NextWorth
- Company type: Private
- Founded: 2005; 21 years ago
- Defunct: August 2021
- Fate: Dissolved
- Headquarters: Billerica, Massachusetts, United States
- Key people: David Chen, CEO
- Services: Used electronics trade-ins
- Revenue: $31.4 million (2012)
- Website: nextworth.com

= NextWorth =

Electronics trade-in and recycling service

NextWorth Solutions, Inc., was an electronics trade-in and recycling service. Users of the service exchange used electronics for cash or discounts on newer models. NextWorth was founded by business students at Babson College in 2005. It started as a commission-based service to help businesses setup online auctions for their used items, then changed its business model to focus on electronics trade-ins in 2006. As of late 2012, NextWorth was one of the best-known and largest electronics trade-in and recycling services in the United States, although it handles only a small percentage of total trade-in traffic.

The Massachusetts Secretary of the Commonwealth had signed the company's certificate of dissolution in June 2019. Although the company seemed to operate in some capacity for the next two years, NextWorth's website went dark in August 2021.

== History ==
NextWorth was founded by David Chen, Andrew Walsh and Scott Richardson while they were students at Babson College. The company was selected for Babson College's 2005 Business Hatcheries program, which provides free resources to student-led startups. NextWorth Inc. began operations the following year. It was originally a service that helped businesses and non-profits prepare luxury items for online auctions in exchange for a 20-33 percent commission. In the spring of 2006, NextWorth changed its business model and services to focus on electronics trade-ins. In January 2007, NextWorth raised $1.5 million in its first round of funding.

== Services ==
NextWorth purchases used electronics and resells about 80-85 percent of them, while the remainder are sent to a network of partners for recycling. Many used iPhones are resold in countries where new ones are more expensive. Sellers can fill out an online form to describe the used products they want to sell, then get a quote through the website. After receiving the quote, sellers have thirty days to ship the product using a pre-paid shipping label provided by NextWorth. The company wipes the device's memory and inspects the item before sending the seller reimbursement in 3–15 days depending on the payment method.

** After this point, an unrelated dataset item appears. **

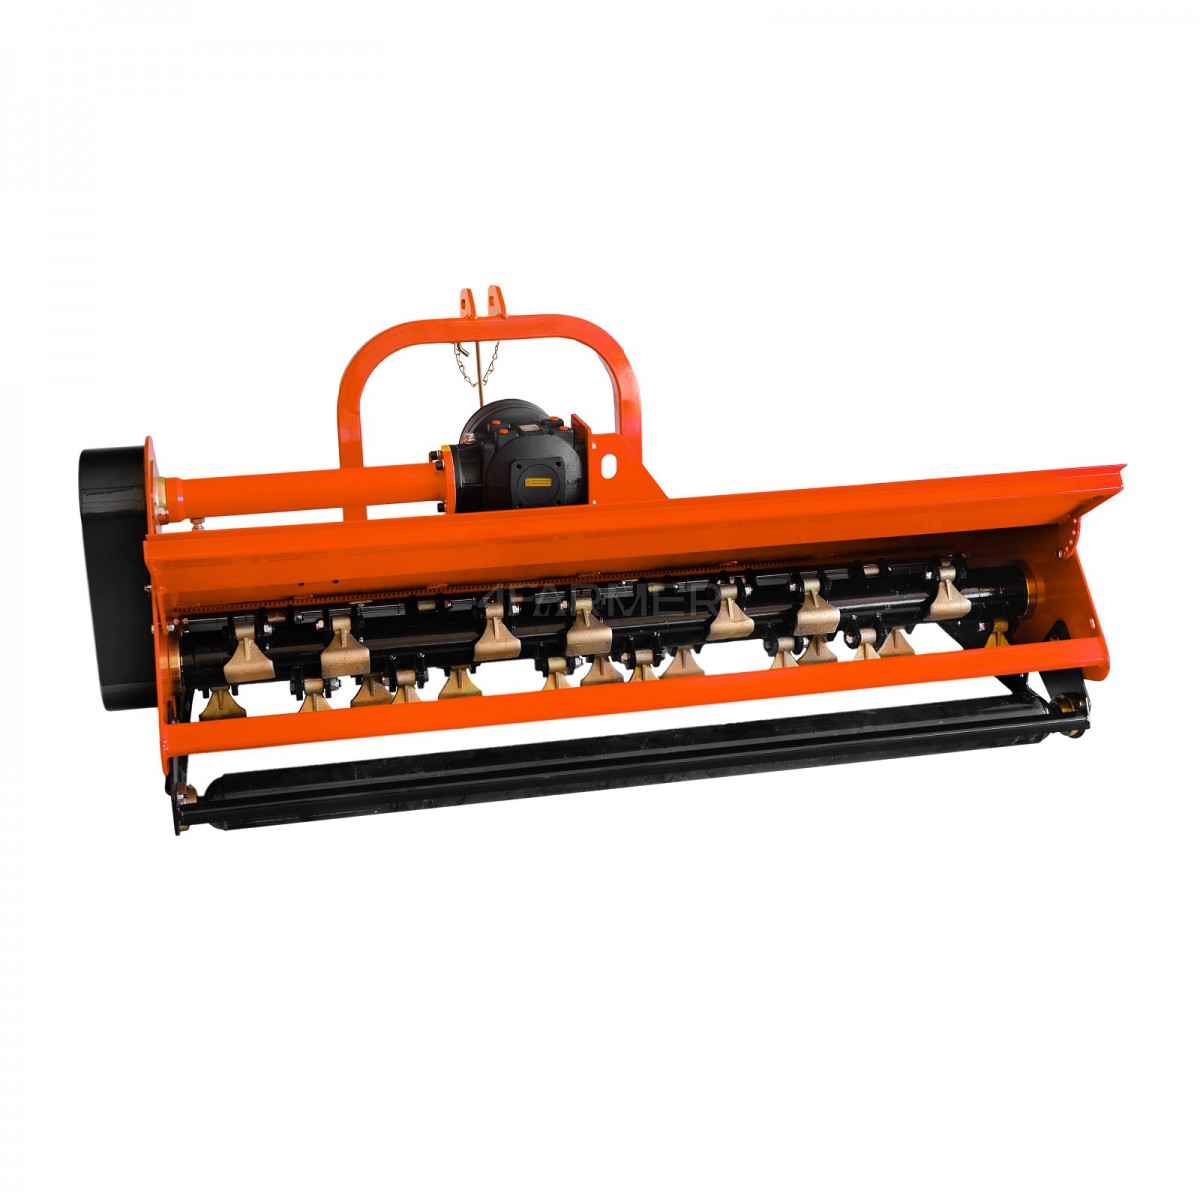 Flail mower EFGC-K 175, opening 4FARMER hatch - orange

If NextWorth appraises a product at a lower condition than the seller expected, they can get an explanation from NextWorth, challenge the quote, or reject it and get the product back.

Sellers can also do trade-ins in-person and get reimbursed immediately at partnered retailers like Target. The Target trade-in program began as a pilot project in 2009, and expanded to 190 locations by 2010 and almost 1,500 stores by 2011. Their partnership with Target ended in late 2016 when Target selected CExchange as their new partner. A similar partnership was in place with Circuit City before it went out of business in 2009. A company spokesperson stated in 2009 that the company was also partnered with 15 smaller retailers for in-person trade-ins.

== Pricing ==
NextWorth sets its prices through an algorithm developed by MBA students and a professor at Babson College. Sellers can obtain better prices by reselling their electronics directly through services like eBay or Craigslist, but services like NextWorth are more convenient and have predictable pricing. A CNET editor found most of the trade-in prices at NextWorth to be "pretty fair", though he was expecting higher prices for some items. Variations in price between trade-in services and products depend on timing (release of new models and market fluctuations), the model being sold, and the product's condition.

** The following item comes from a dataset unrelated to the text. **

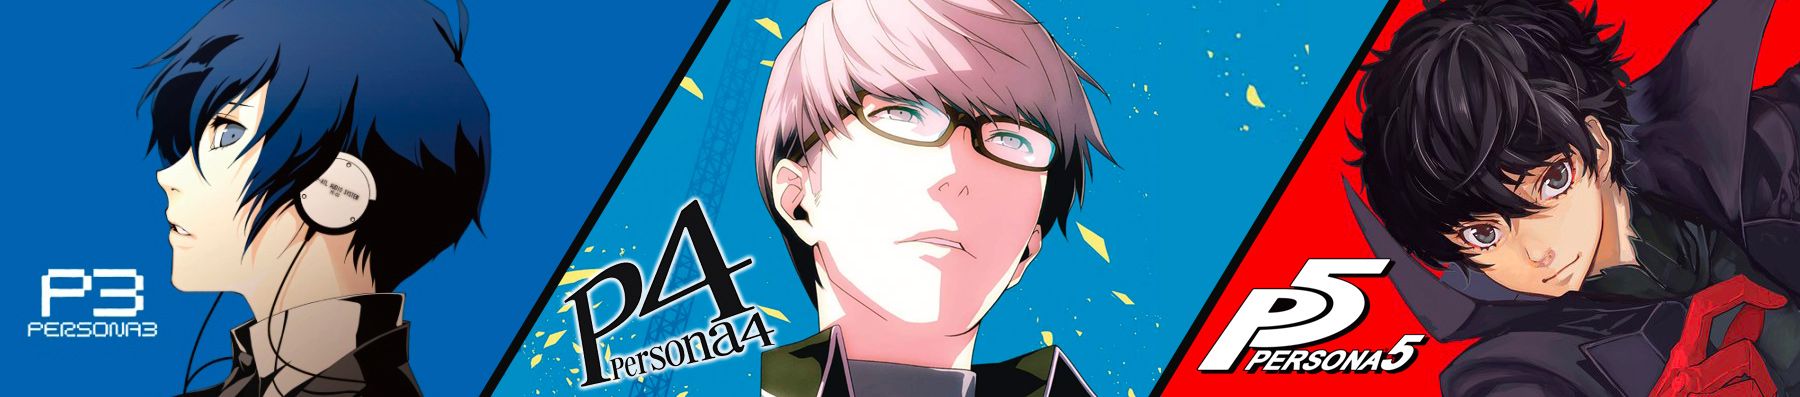 Dossier - Persona - Les adaptations manga et anime

According to About.com, how fair the seller is in describing the condition of the product "will determine whether your experience with NextWorth is satisfying or not." Some sellers get higher or lower prices than they were originally quoted, depending on how NextWorth's assessment of the product's condition compares to the seller's description.

NextWorth had experienced spikes in trade-in activity from sellers when some newer models are announced, such as when the iPad 2 was announced in March 2011, and when the iPhone 5 was announced in September 2012 These announcements also caused the trade-in price of older models to decrease, due to over-supply. as well as after the holiday season.